Richard Harrison wrote:
Roy Lewallen, W7EL wrote:
"Certainly, the total V and I are in quadrature if the line is
terminated by an open, short, or purely reactive load. But not in any
other case."

Something else is at work. The reflection reverses direction of the wave
producing a 180-degree phase shift in either voltage or current, but not
both, if there is a reflection.

Yes.

Because the waves are traveling at the
sane speed in approaching each other, they produce a phase reversal in a
distance of only 90-degrees instead of 180-degrees. This places the
waves in quadrature to stay.

?? Which waves? Forward voltage and reverse current? Forward and reverse
voltage?

Terman shows the vector diagrams of
incident and reflected waves combined to produce a voltage distribution
on an almost lossless transmission line (Zo=R) for an open circuit case
and for a resistive load case where the load is Zo in Fig. 4-3 on
page 91 of his 1955 opus. Indeed, the angle between the incident and
reflected voltages is 90-degrees in either case.

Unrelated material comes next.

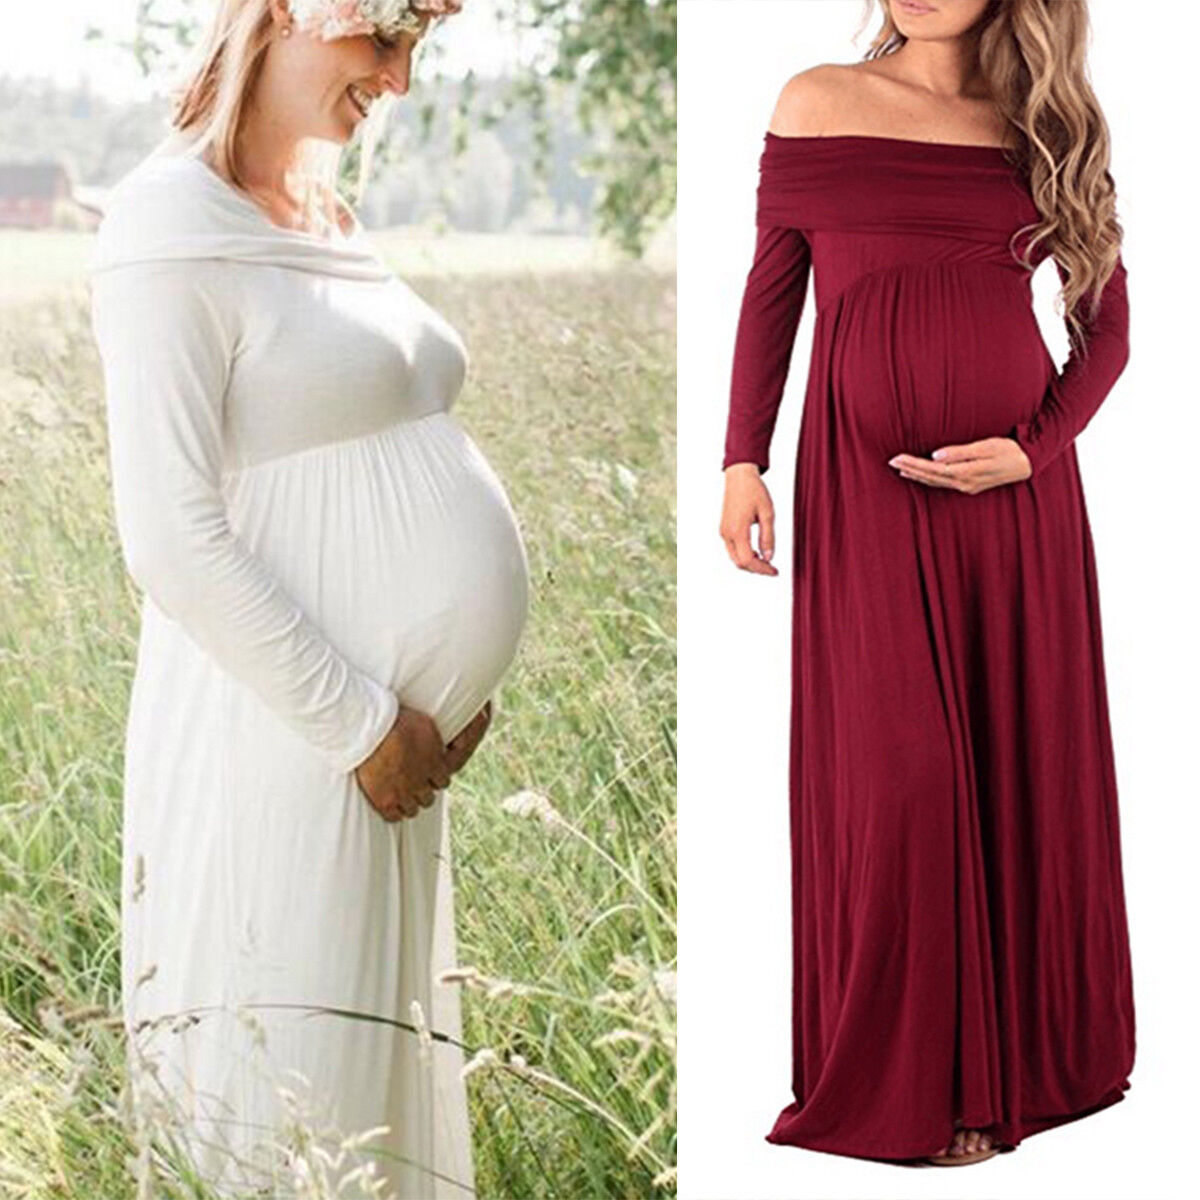 Women\'s Maternity Off Shoulder Dress Pregnant Ladies Long Sleeve ...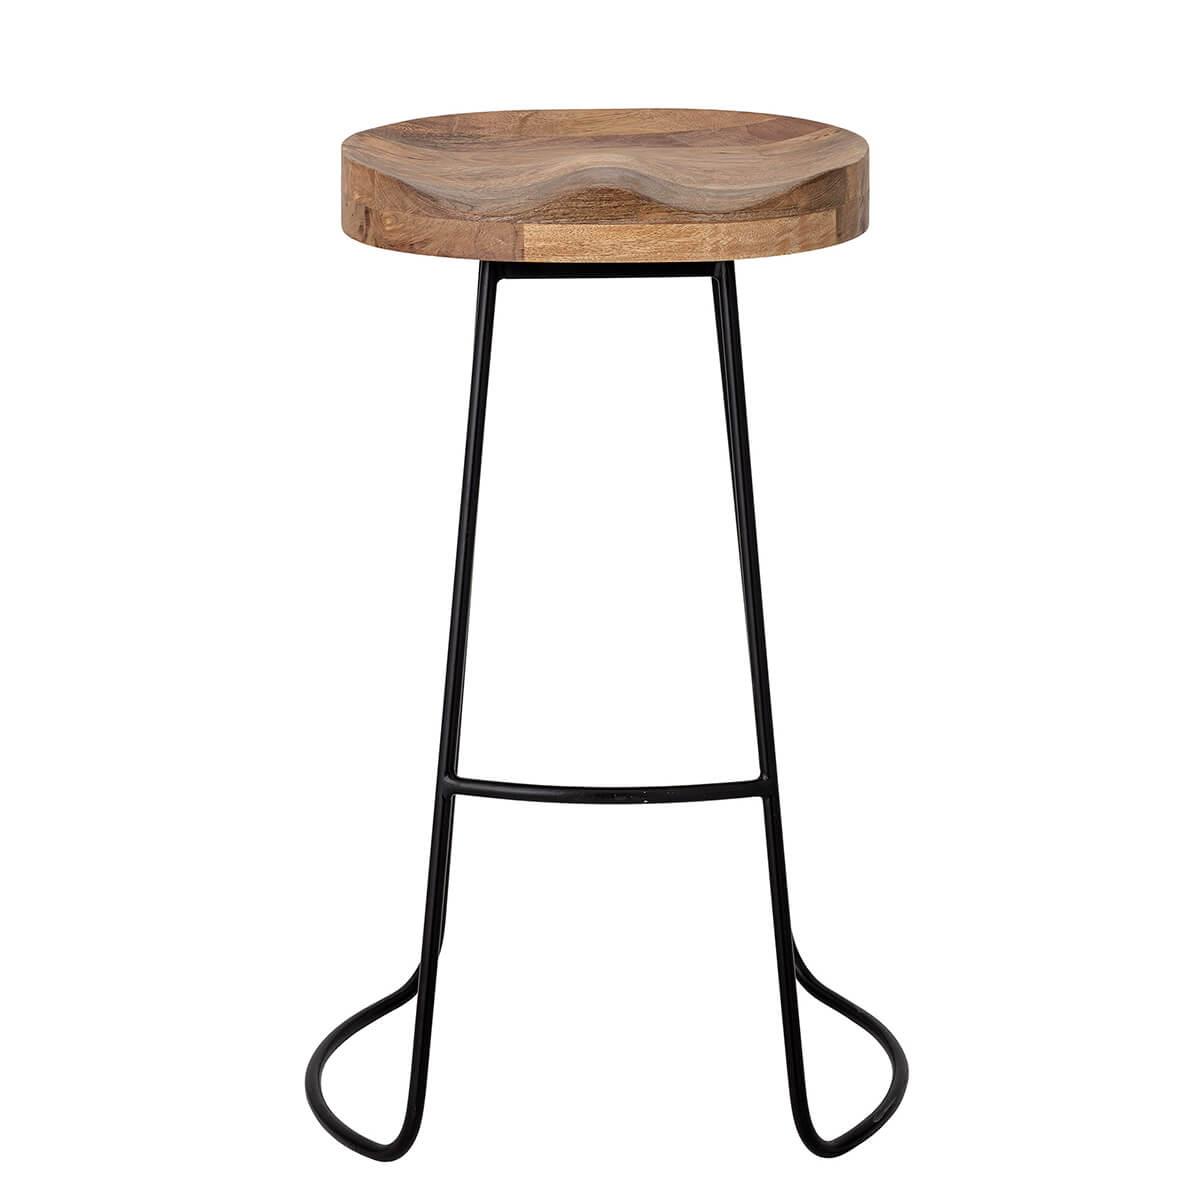 Bárszék mangófából elegáns skandináv bútor

Please look carefully at those diagrams. The horizontal axis is the
distance along the line. The diagrams are showing the relationship
between voltage and current envelopes as a function of position. The
graphs aren't showing the time phase of V and I, which is the matter
under discussion.

In Fig. 4-4 on page 92, Terman shows voltage and current distributions
produced on low-loss transmission lines by different load impedances and
in every case volts and amps are in quadrature.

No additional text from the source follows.